Input records below:

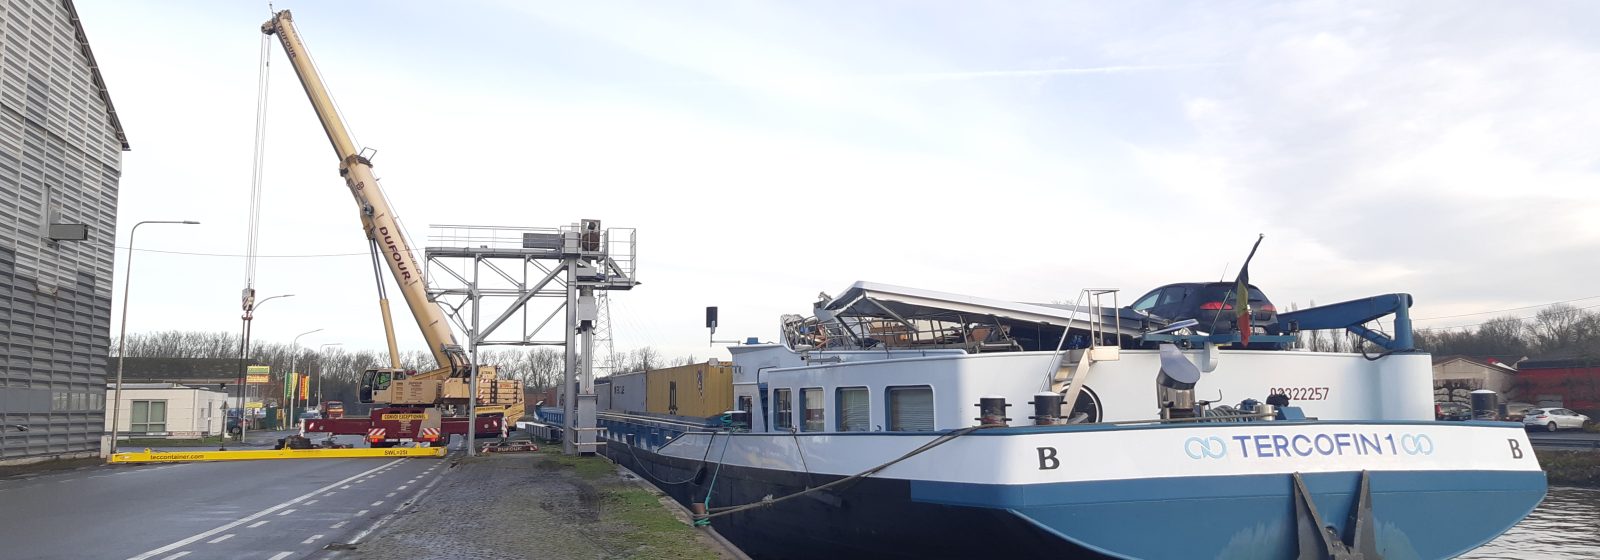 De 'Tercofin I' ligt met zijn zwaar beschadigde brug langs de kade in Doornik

End of Input records.
Input records below:

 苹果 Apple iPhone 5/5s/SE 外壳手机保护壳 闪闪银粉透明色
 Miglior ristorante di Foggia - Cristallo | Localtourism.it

End of Input records.

Task objective:
Above are the entries. Quote exactly the lines from the one bearing "苹果 Apple iPhone 5/5s/SE 外壳手机保护壳 闪闪银粉透明色" through the one bearing "Miglior ristorante di".

Output of the task:
 苹果 Apple iPhone 5/5s/SE 外壳手机保护壳 闪闪银粉透明色
 Miglior ristorante di Foggia - Cristallo | Localtourism.it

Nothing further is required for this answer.